Ca c'est une autre réalité, c'est la souffrance de ceux qui n'auront jamais la chance de disposer d'une tribune médiatique pour exposer leur souffrance, et qui continueront d'hurler dans un océan froid et obscur.


On se croirait presque revenu le 2 juillet 1816, il y a 200 ans, quand la frégate "La Méduse", menée par un commandant royaliste incompétent s'échoue au large de la Mauritanie. Faute de canots en nombre suffisant, seuls les nobles embarquent.

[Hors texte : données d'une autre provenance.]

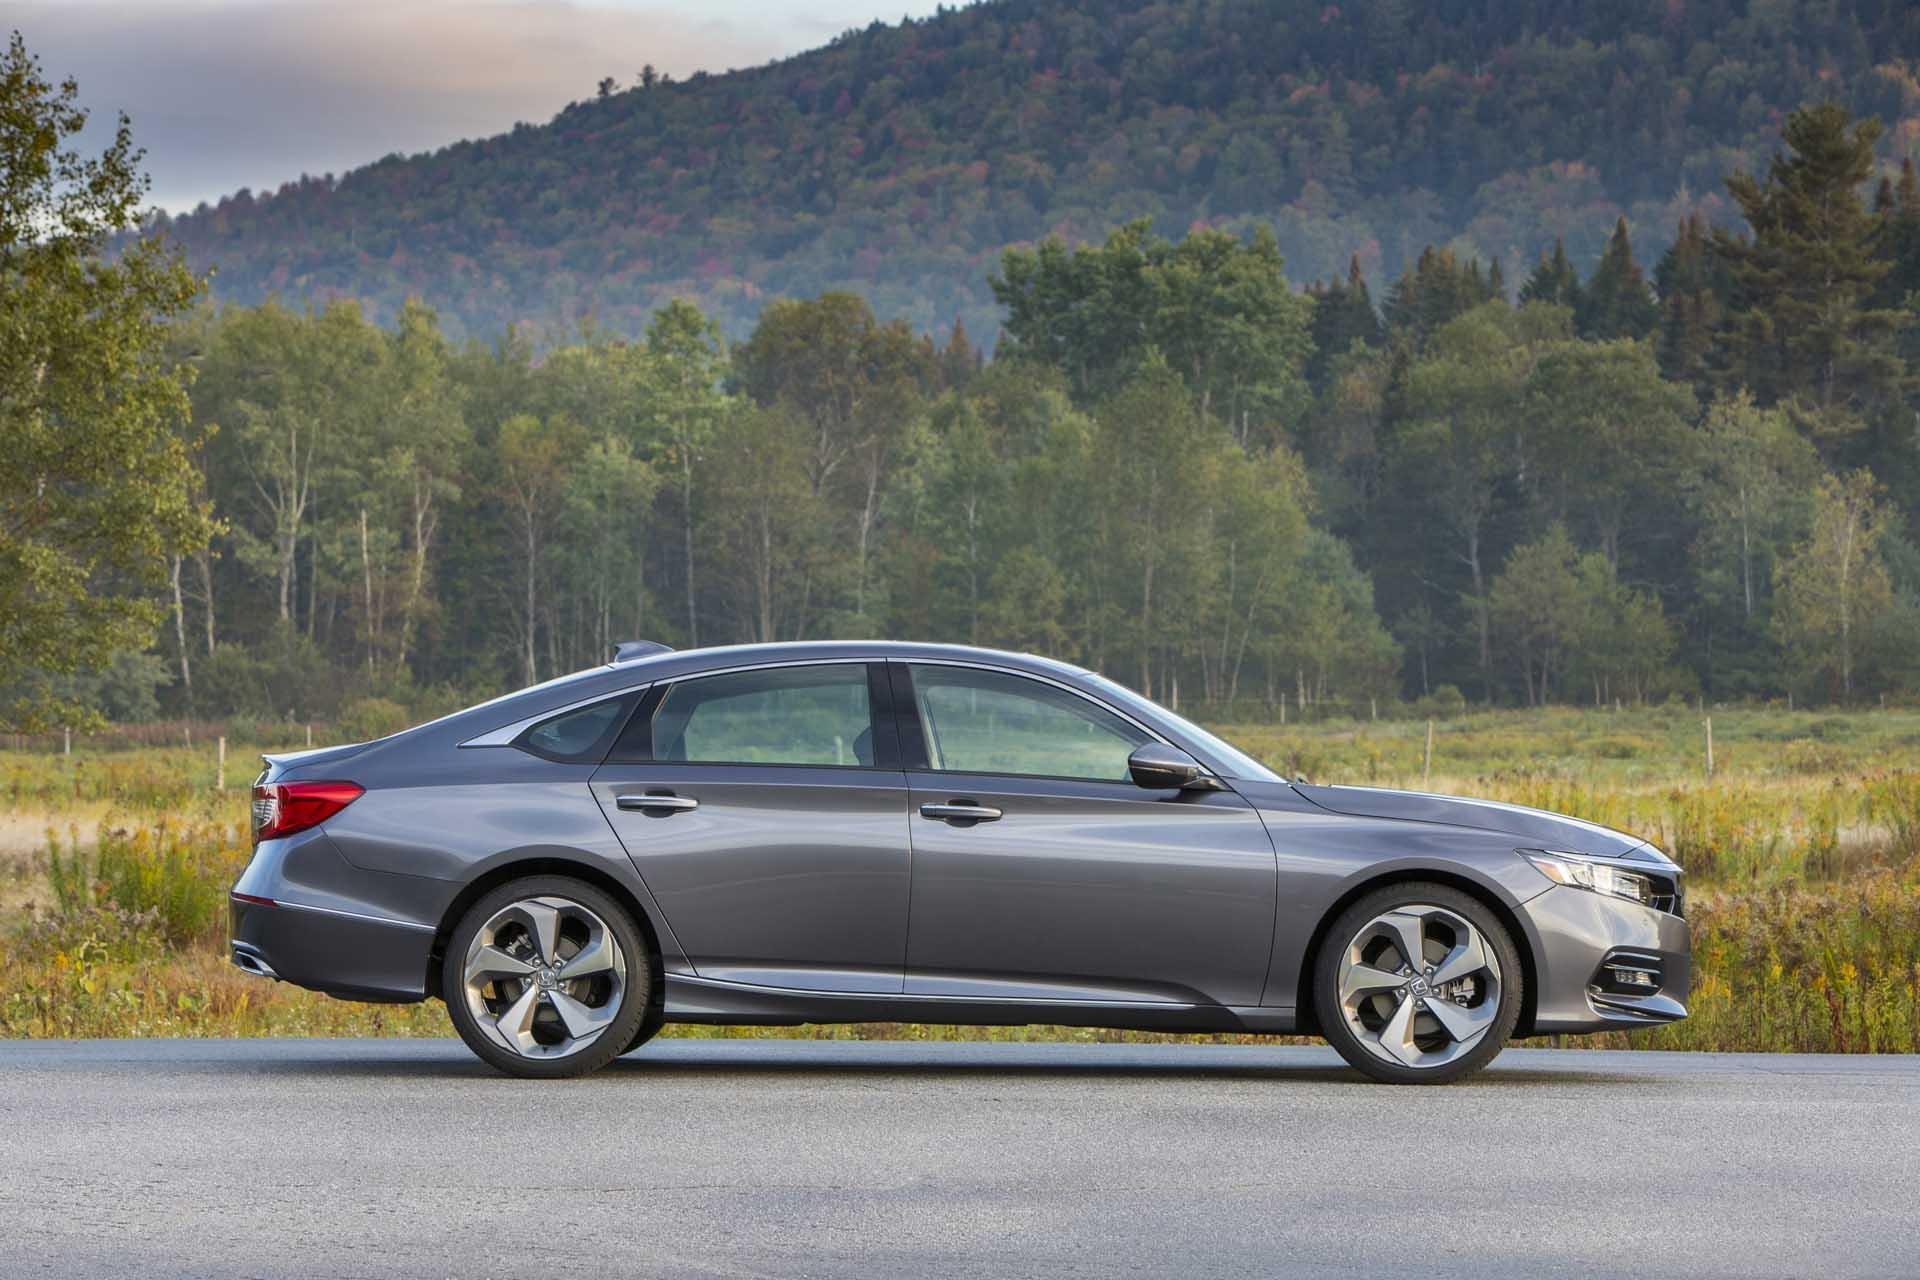 Kelebihan Kekurangan Toyota Accord Perbandingan Harga

Pour les 150 malchanceux restants, il faudra se contenter d'un radeau, construit à la hâte.


Comme aujourd'hui, il y avait de tout, des mourants, des résignés, ceux qui y croient encore... et au sommet de la toile un esclave noir, c'est lui le vrai héros (peut être d'ailleurs était il homo ou musulman, qui sait ? Mais tout le monde s'en foutait).


Le message politique délivré par Géricault reste d'une étonnante fraîcheur. Et si le salut venait du bas?


Aujourd'hui encore il y a ceux qui se battent pour sauver quelque chose, les artisans, les petits commerçants, les gérants de TPE et PME. C'est souvent toute la famille qui souffre et qui contribue à l'effort avec une seule devise, « un pour tous, ou tous pour un »...ce qui signifie souvent 4 qui bossent pour 1 seul salaire.